Журнал «Парус» №80, 2020 г. — страница 23 из 48

Дядя Саша на три года жену пережил. Крепким он был, как разросшийся дуб, и таким же суровым.

За его спиной бывало шептались:

– Это он так за Маринкой расцвел и ожил… А с фронта пришел – как хромоногий ледащий петушок по земле ковылял. Да и полуслепой к тому же…

Может быть, это и правда. Трудно человеку жить, когда он один. Да и возможно ли это?.. И человеческая гордость тут совсем ни при чем.

Алексей КОТОВ. Армия Жанны


Моя мама недолюбливала гостей отца – бывших фронтовиков – впрочем, это было совсем не удивительно. Когда мужики, мягко говоря, начинали прикладываться к лишнему, они становились шумливы и, хотя почти никогда не ссорились, часто переходили на крик. Бывшие солдаты были беспокойны и веселы примерно так же, как бывают непоседливы и егозливы дети, которых усаживают за праздничный воскресный стол. Кто-то из них вдруг неловко опрокидывал стакан со всем его содержимым, кто-то брал чашку со стола, ставил ее на колени и принимался кормить кота, а кто-то вдруг начинал азартно доказывать что-то такое, что совсем не было интересно другим.

– Это же просто пираты какие-то! – жаловалась мама.

Такое сравнение невольно вызывало улыбку. И совсем не потому, что лица гостей покрывали шрамы, а у кого-то, как у легендарного Джона Сильвера, была деревянная нога, наверное и прежде всего, они были похожи на пиратов своей выпяченной хмельной веселостью и удалью, – что удивительно – напрочь лишенной злости.
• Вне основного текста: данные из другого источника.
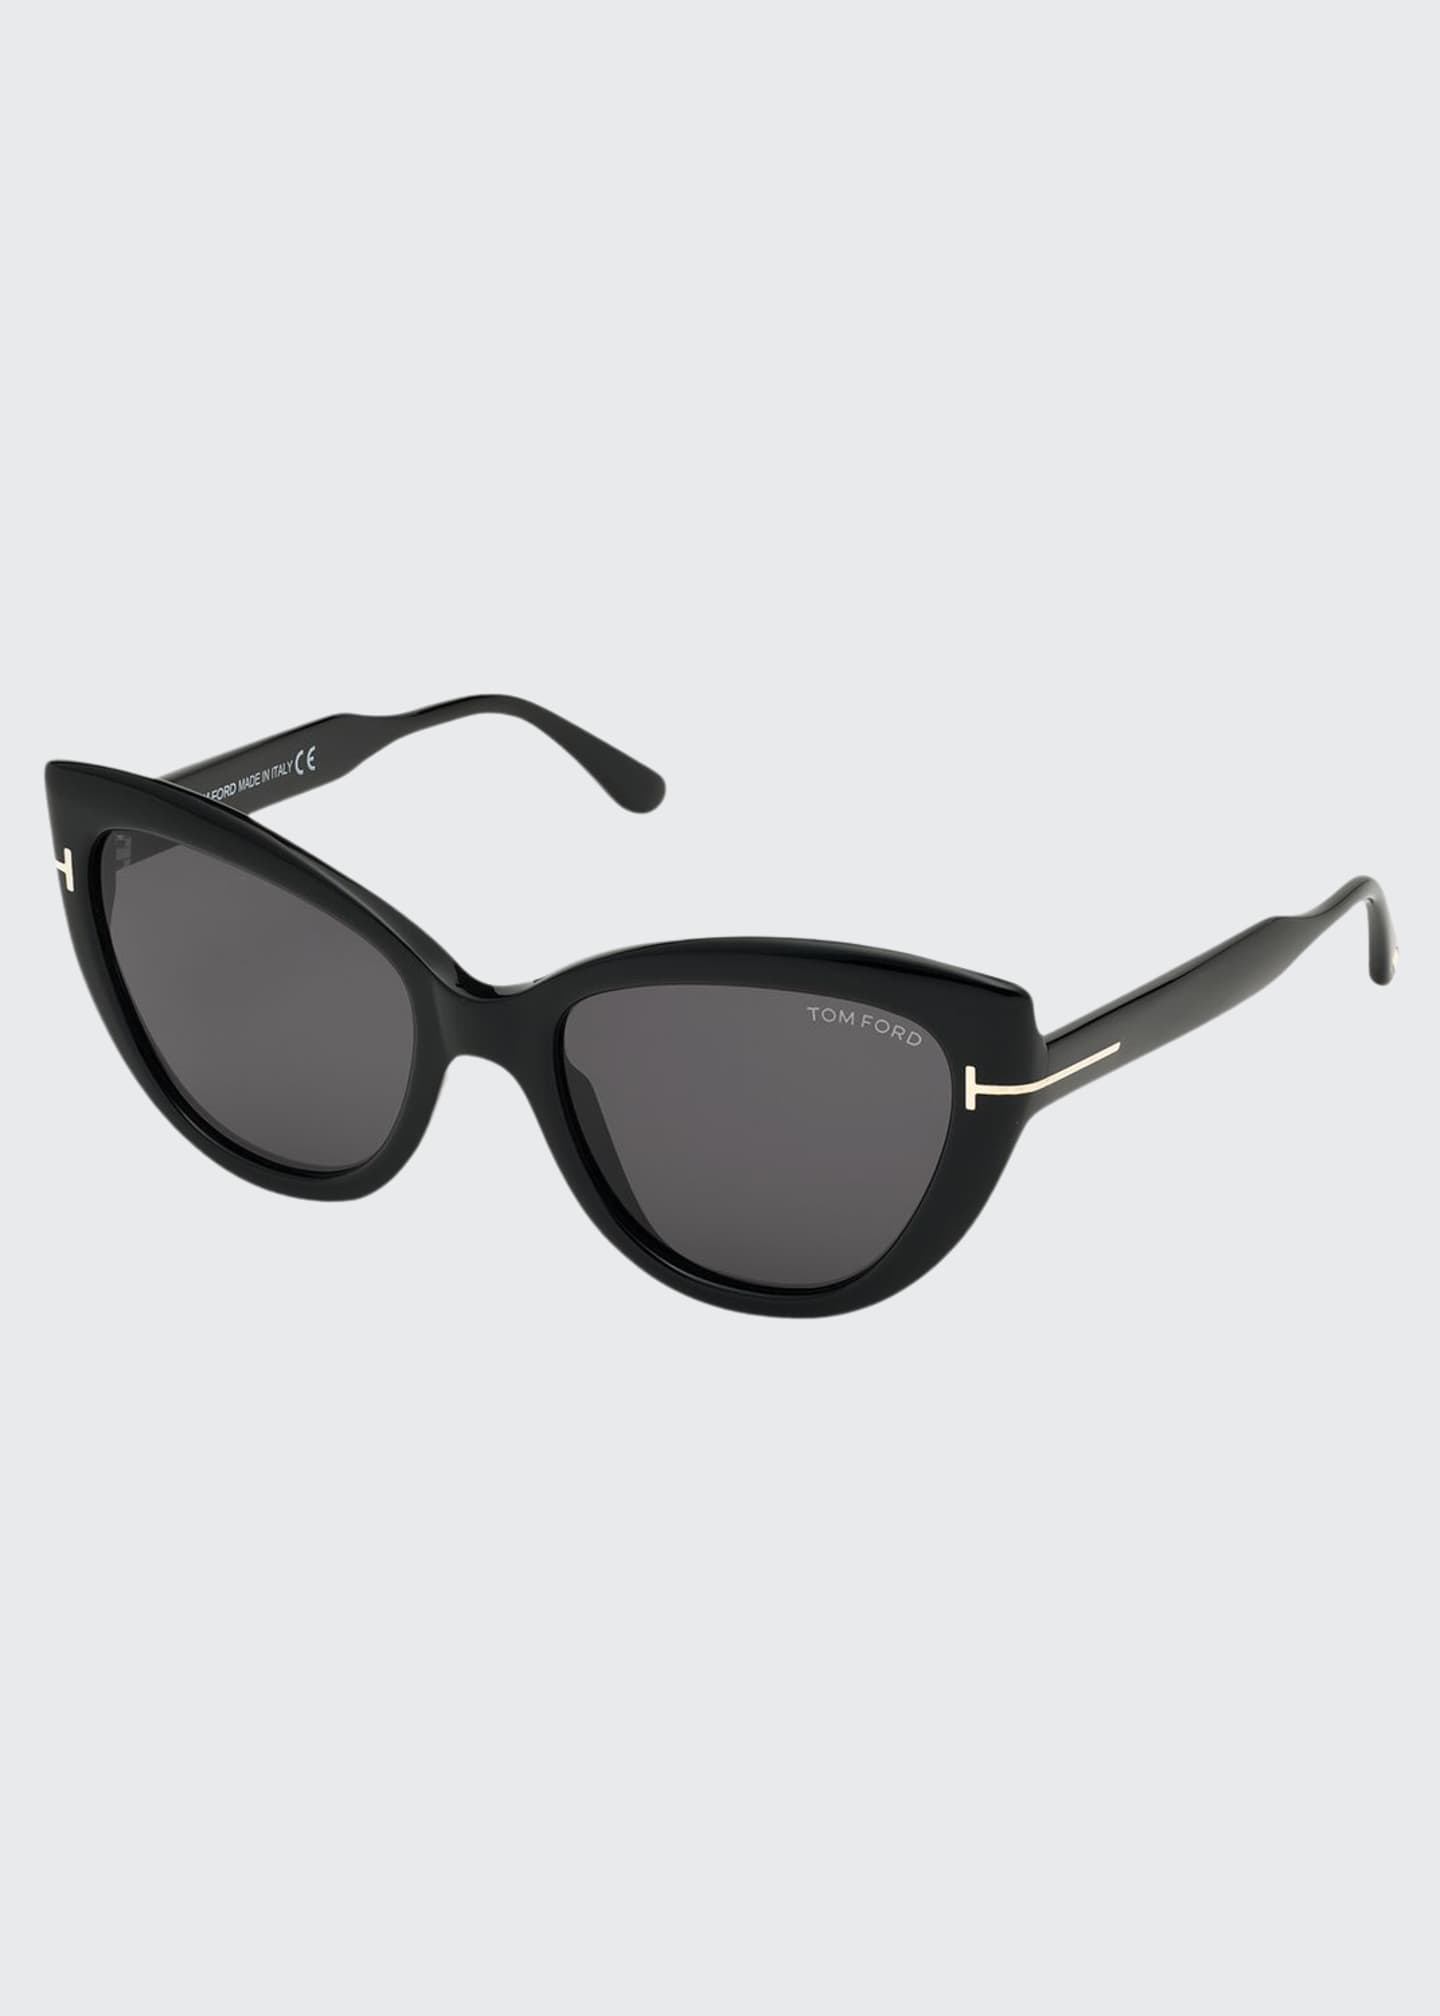 Tom Ford Anya Cat Eye Polarized Sunglasses Bergdorf Goodman
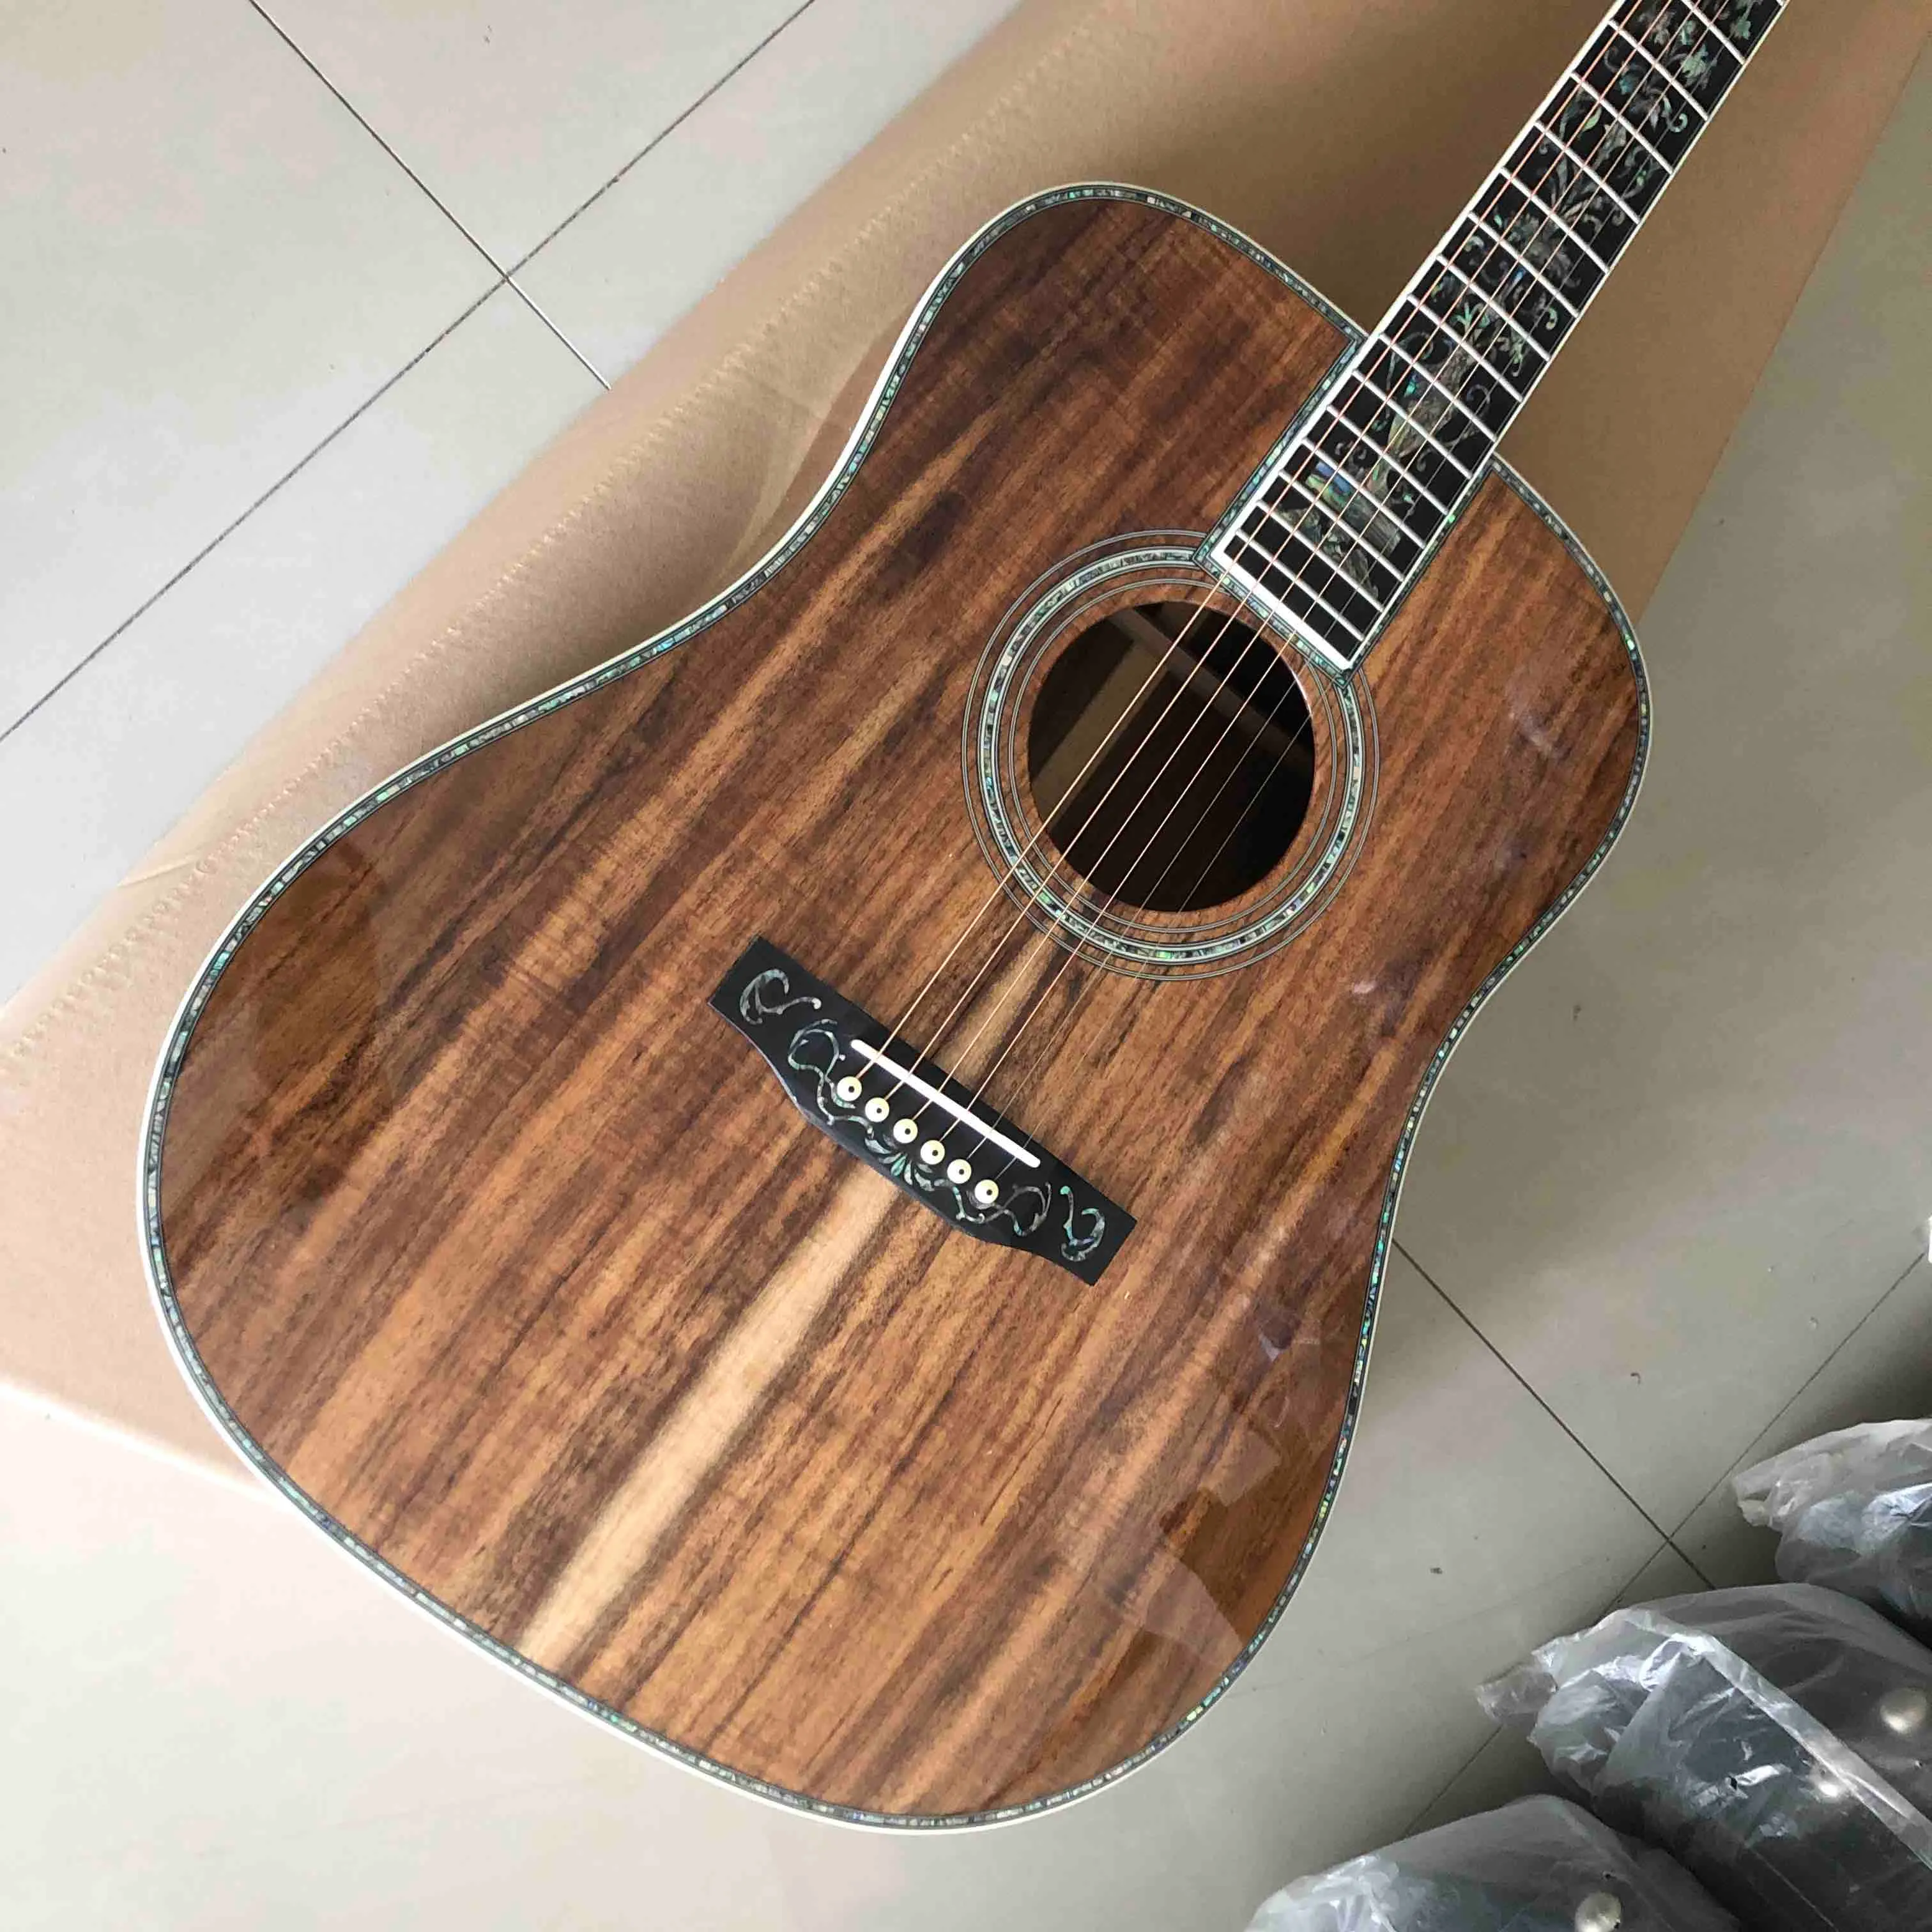 Custom Real Abalone Tree Life Inlays Solid KOA Wood Top Acoustic Guitar D Body 41 Inch Ebony Fingerboard

Пьянея, они часто пели нестройными голосами, громко спорили, почти не слушая друг друга, но даже эта – куда как явная дисгармония! – не лишала солдатскую компанию какой-то удивительной теплоты и придавала ей что-то совсем необычное. Как бы это странно ни звучало, это необычное пахло для меня примерно так же, как пахнет молодая майская ночь, заливной луг возле речки или свежая, только что скошенная трава.

С «пиратским» определением гостей мамы никто не спорил. Да, наши гости навсегда остались такими, какими они вернулись с Великой Войны. Уже теперь им всем было за сорок, а кому-то за пятьдесят, но от них почему-то все равно пахло молодостью. Позже я никогда не встречал людей, способных так легко вернуться в прошедшие времена. Словно кто-то щедро оплачивал им эту дорогу, а они усаживались в сани, запряженные разъяренными затянувшимся простоем конями, и летели, туда, в безмерную даль, где небо сливается с землей, а прошлое с настоящим…

Водка гасила их бывшие страхи… Рассказывая о войне, они часто смеялись над тем, что сделало их волосы седыми в молодости. Например, о том, как группа разведчиков три километра тащила по снегу мертвого пленного немца только затем, чтобы доказать начальству, что группа действительно ходила за «языком», а не отсиживалась в кустах. Но немец вдруг оказался живым!.. Обрадованные разведчики, чтобы согреть в конец окоченевшего фашиста так напоили его водкой, что он и в самом деле чуть не умер. Ну, а потом все чуть ли не кончилось штрафным батальоном. Когда командир спросил, кого нужно наградить за пленного, кто-то из разведчиков, в шутку, конечно, предложил наградить самого немца. Мол, он же, гад, все-таки живой остался.

Смеялись все, и даже мой подвыпивший отец. Он целовал маму в щеку, она отмахивалась и говорила: «Вы только потише тут!..» – и застолье продолжалось. Мой отец не воевал в Ту Великую Войну, ему не хватило одного года для призыва, и за столом он всегда был и «младшим по званию», и хозяином стола. В зависимости от поведения матери гости признавали его то тем, то другим. Наши гости умели хитрить, и маме, пусть она и была права, приходилось уступать.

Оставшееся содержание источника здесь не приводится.